# Paper mache mold release?



## ouizul1 (May 22, 2010)

I've got this plastic ice mold that is the perfect size for a couple of hollow, half skulls for a project. I was thinking about pressing either paper mache or paper clay into it to make the skull shells. The detail needs to be on the outside of the shells.

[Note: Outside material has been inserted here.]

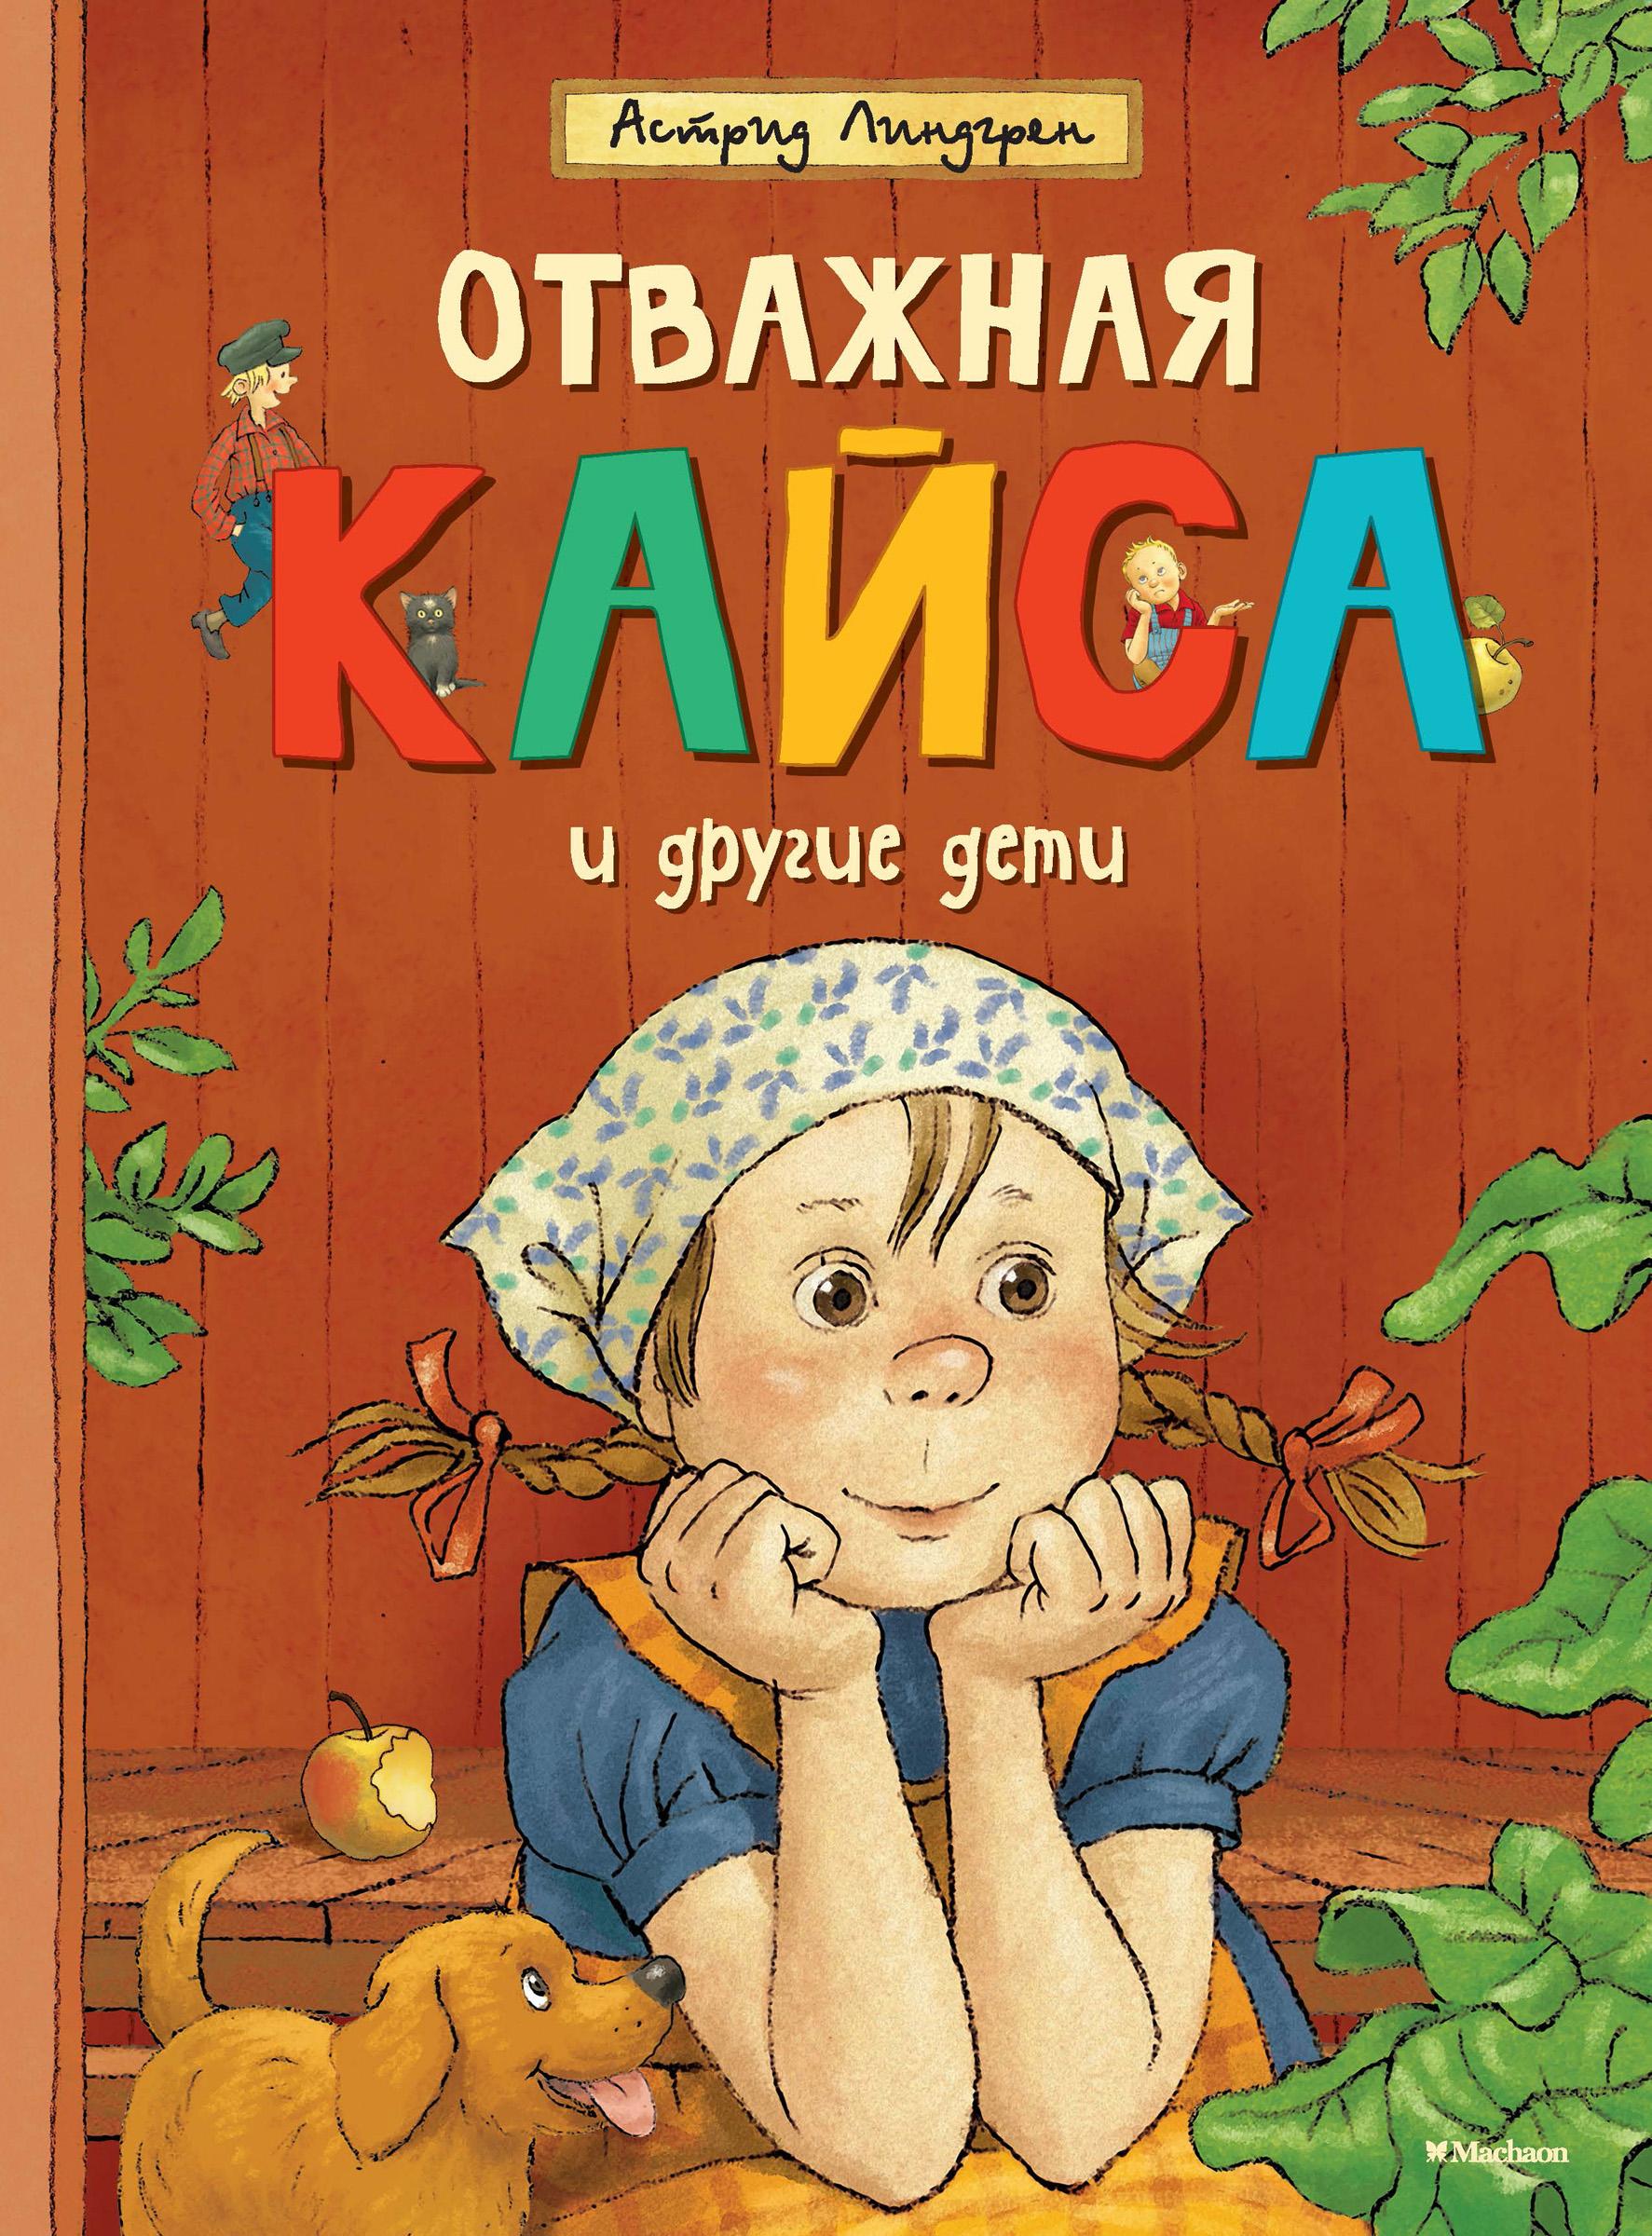 Отважная Кайса и другие дети (сборник)

I've never done any "inside out", or molded paper mache and I'm not sure what to use for a mold release.


----------



## krough (Oct 7, 2004)

Floor wax, PAM cooking spray, or a light coating of vaseline will work. I would use cooking spray.


----------



## RoxyBlue (Oct 6, 2008)

You might be interested in Jaybo's thread on casting papier mache items here:

http://www.hauntforum.com/showthread.php?t=27135


----------



## goneferal (Sep 8, 2010)

WD 40 works great for me, even with the most detailed stuff.


----------



## Jaybo (Mar 2, 2009)

Probably nothing. On my plastic molds, the PM clay doesn't stick at all. I just flex the mold and it pops right out. But, if you are nervous, all of the suggestions above work fine.


----------



## Jaybo (Mar 2, 2009)

Another side note. If you read my thread about casting mache, be careful if you decide to use the microwave to dry your piece. That mold you have looks like very thin plastic. That type of plastic will melt. If you use a thin layer of mache clay, it will dry enough to be demolded in about a day.


----------



## ouizul1 (May 22, 2010)

Woohoo!! Thanks for all the good responses! 

I read your thread about casting paper mache, Jaybo...that was great. Wonder why it didn't show up on my search of the Forums? Oh well, got it now. Thanks.

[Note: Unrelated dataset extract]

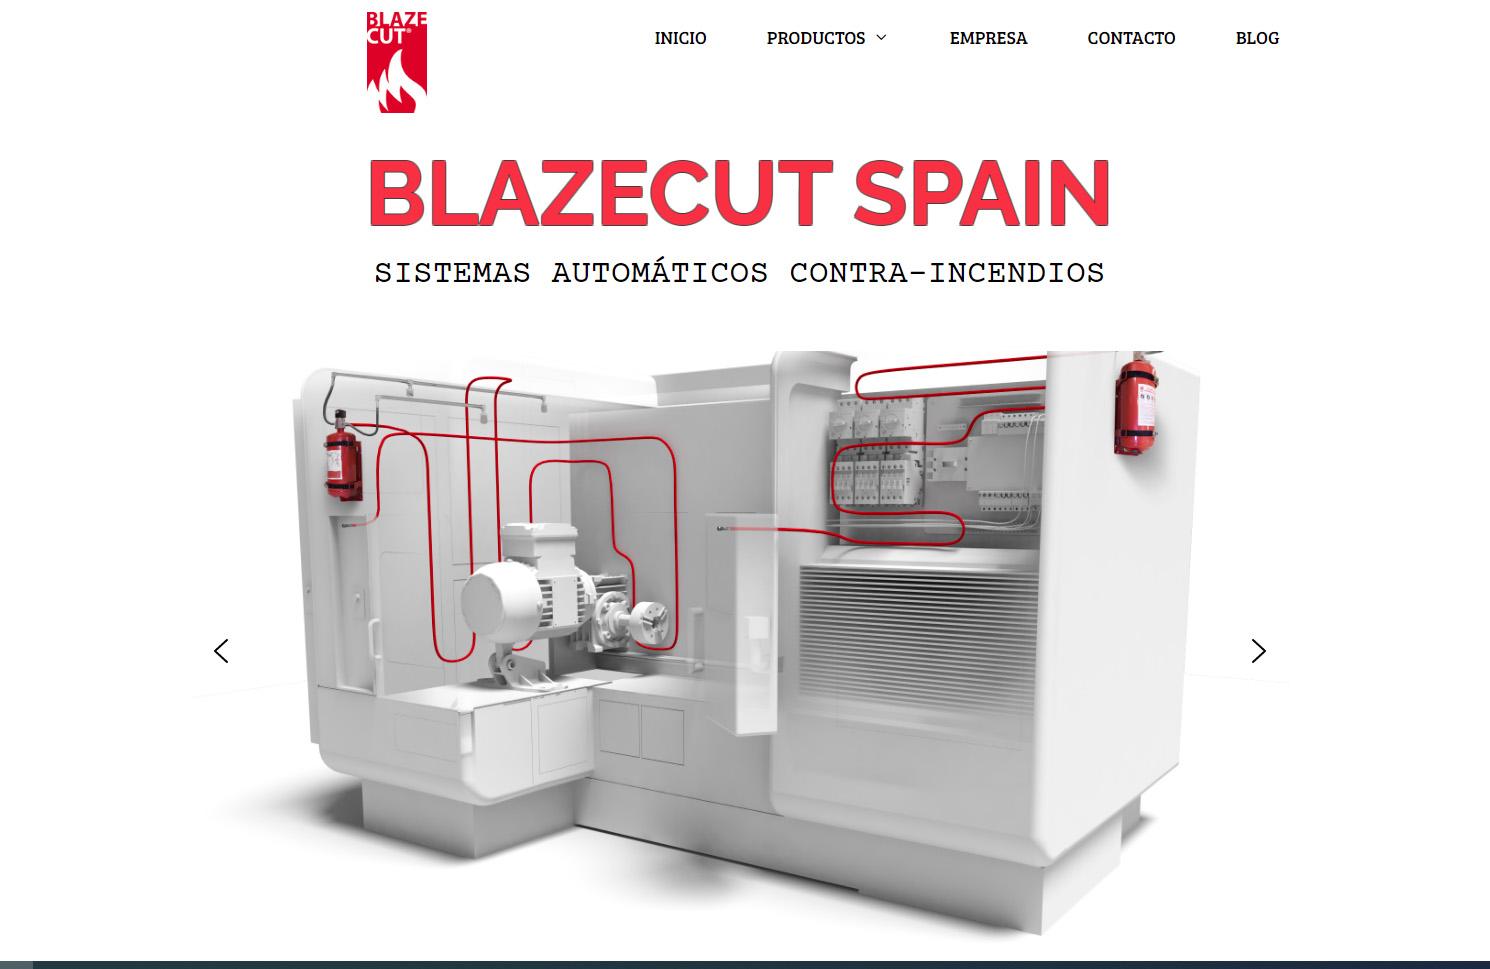 Blazecut Spain

I think I'm going to start with no release agent because I do have to paint and water-proof these things. No gunk will make that process easier to deal with. Then if necessary I'll try krough's idea for vaseline because I think I can control it better...then try the oils. Heck, I'll probably try them all before it's over. 

Thanks again! Can't to get started now.
...wonder if I can go home early. ...oh, I think I'm getting sick...yeah, that's it.


----------